Anthropic's prompt caching is one of the highest-ROI LLM cost-reduction techniques shipped in the last two years, but the mechanics aren't immediately obvious from the docs. The pricing is non-uniform β a write premium on first writes balanced against a 90% discount on reads β and the marker syntax requires explicit opt-in rather than firing automatically the way OpenAI's does. The summary: tag the stable portion of your prompt with cache_control: { type: "ephemeral" }, pay 1.25x normal input price on the first request (5-minute TTL) or 2x (1-hour TTL), then 0.10x on every subsequent request within the cache TTL. Break-even on the 5-minute TTL arrives at the second cache hit; the 1-hour TTL takes a few more hits to pay back but survives much longer between requests. For most production workloads with a system prompt over a few hundred tokens, the discount kicks in by the second customer interaction. This post walks through the mechanics, the math, the gotchas, and the production patterns that turn the marker into actual savings.
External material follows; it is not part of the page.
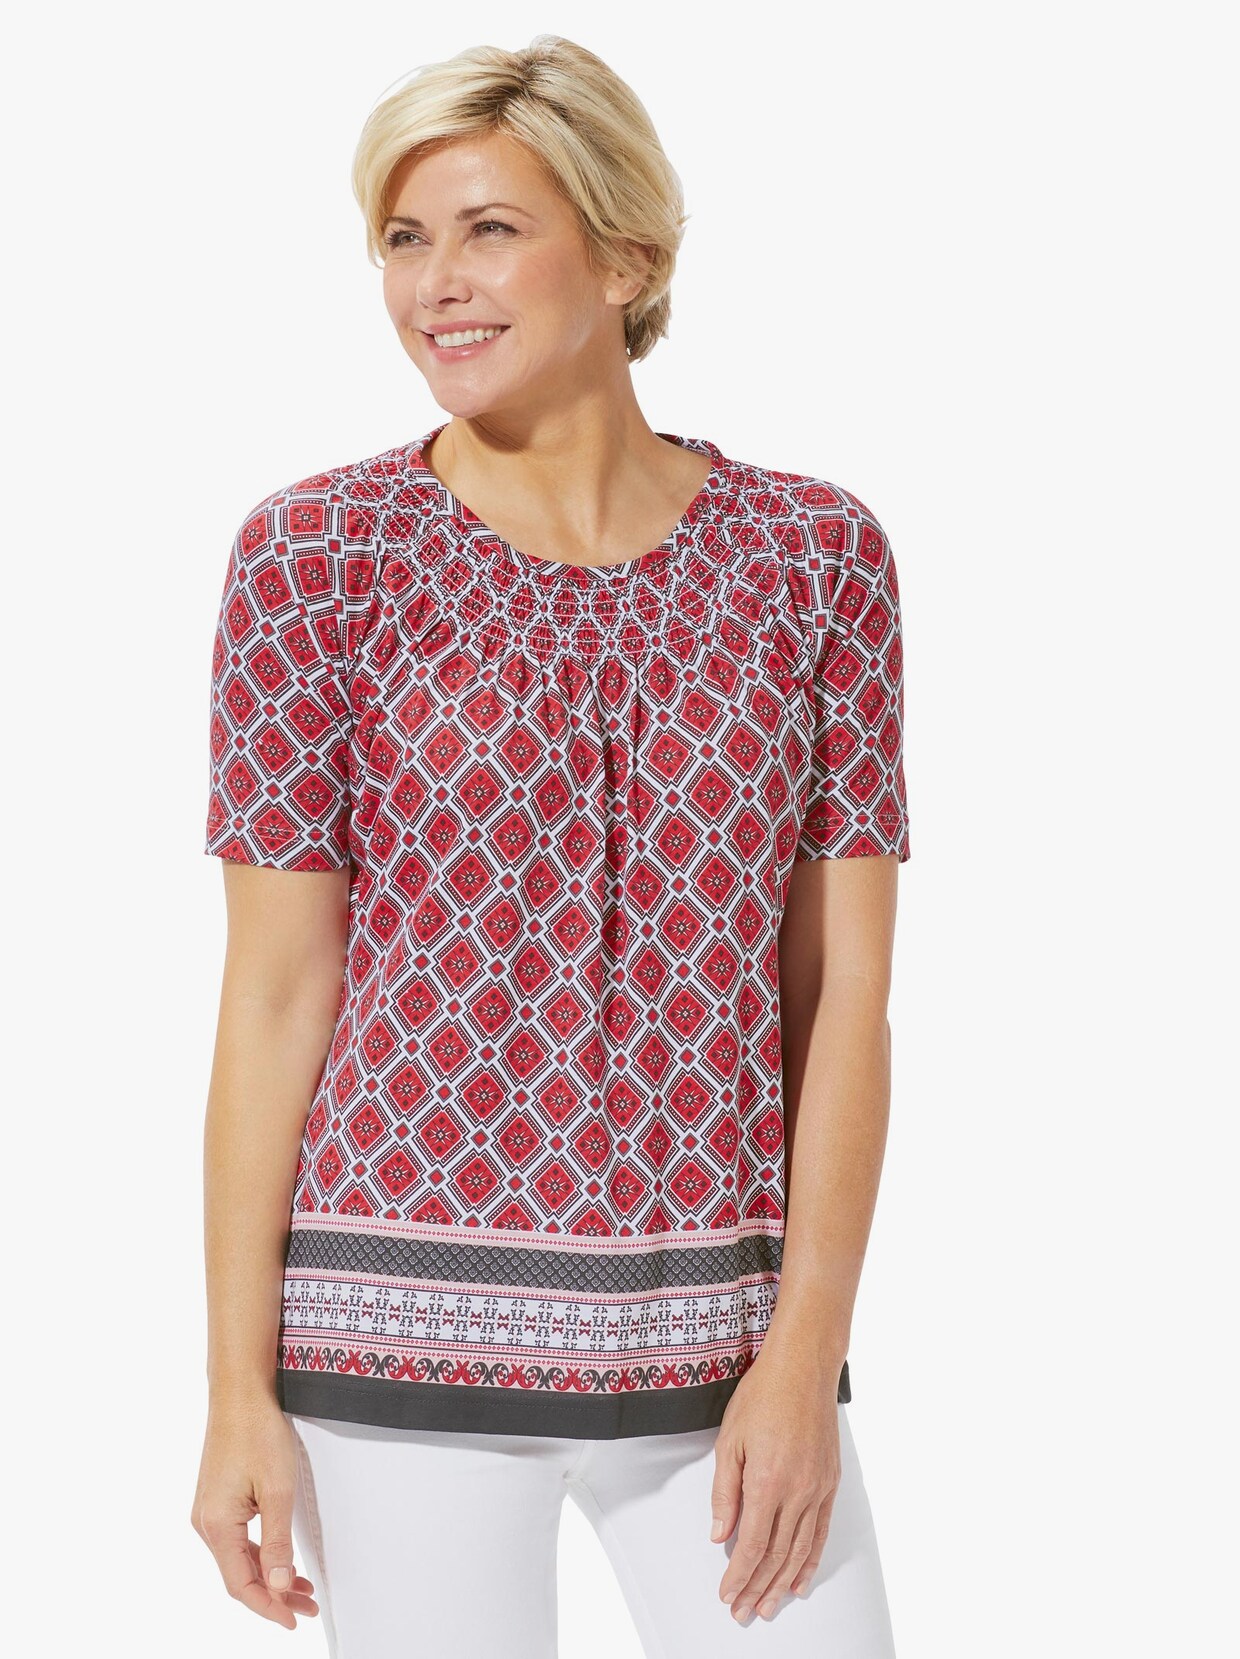 Tričko s krátkým rukávem - korálová-vzor

The parent guide AI API caching covers the broader caching strategy; this article goes one level into Anthropic's specific implementation.
Prompt caching is provider-side prefix-attention caching. When you send a request to Anthropic with cache_control: { type: "ephemeral" }
on part of the prompt, Anthropic hashes the leading content up to that marker, checks an internal cache, and serves the cached attention state if a match exists. The actual model run still happens β Claude still generates the response token-by-token β but the expensive prefix-attention computation is skipped.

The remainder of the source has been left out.